LA NASCITA di una giovane classe operaia nei poli industriali di Porto Torres e di Sarroch smuove molto dentro il partito. Così come il saldarsi del movimento studentesco con le rivendicazioni di pastori e contadini non più disposti a sopportare il dominio assoluto della rendita fondiaria nelle campagne. A questo si aggiunge la crescita, anche in Sardegna, di un vasto arcipelago di realtà di movimento legate al maturare di una coscienza femminista e ambientalista. Tutto ciò confluisce, a Cagliari, nel lavoro di organizzazione e di mobilitazione politica della sezione Lenin del Pci, che, specie dopo l’arrivo nell’isola di Pintor, diventa il punto di riferimento della battaglia di rinnovamento all’interno del partito. Operai, donne, giovani, studenti, intellettuali iscritti alla Lenin diventano, in quegli anni, un nucleo molto combattivo impegnato a legare l’iniziativa politica del Pci alle domande che i movimenti in atto nella società ponevano con determinazione. E quando Pintor, nel novembre del 1969, viene radiato dal Pci insieme al gruppo della nuova sinistra, gli iscritti alla Lenin passano in massa al collettivo che si raccoglie prima attorno alla rivista il manifesto e poi al quotidiano. Tirandosi dietro molte adesioni nelle altre città dell’isola ma anche tra i circoli giovanili che allora animavano la vita politica e culturale delle zone più interne dell’isola.

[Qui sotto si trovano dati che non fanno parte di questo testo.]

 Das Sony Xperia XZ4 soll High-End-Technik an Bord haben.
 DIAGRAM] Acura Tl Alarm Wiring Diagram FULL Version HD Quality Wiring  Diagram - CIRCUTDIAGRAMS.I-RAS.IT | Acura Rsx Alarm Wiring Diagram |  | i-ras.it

DIETRO LE BATTAGLIE di quegli anni c’era una visione della politica e del ruolo della sinistra che, tra mille tempeste, il collettivo del manifesto ha continuato sino ad oggi a rappresentare e nella quale oggi in Sardegna ancora si riconosce, insieme a un nucleo forte di comunisti senza partito, un campo di forze sociali e intellettuali che, di fronte a un mondo che non ha per niente smesso di girare storto, sono impegnate in vari modi a elaborare una prospettiva di mutamento radicale. Un universo per il quale il ritorno, sia pure temporaneo, del manifesto nelle edicole sarde è una festa.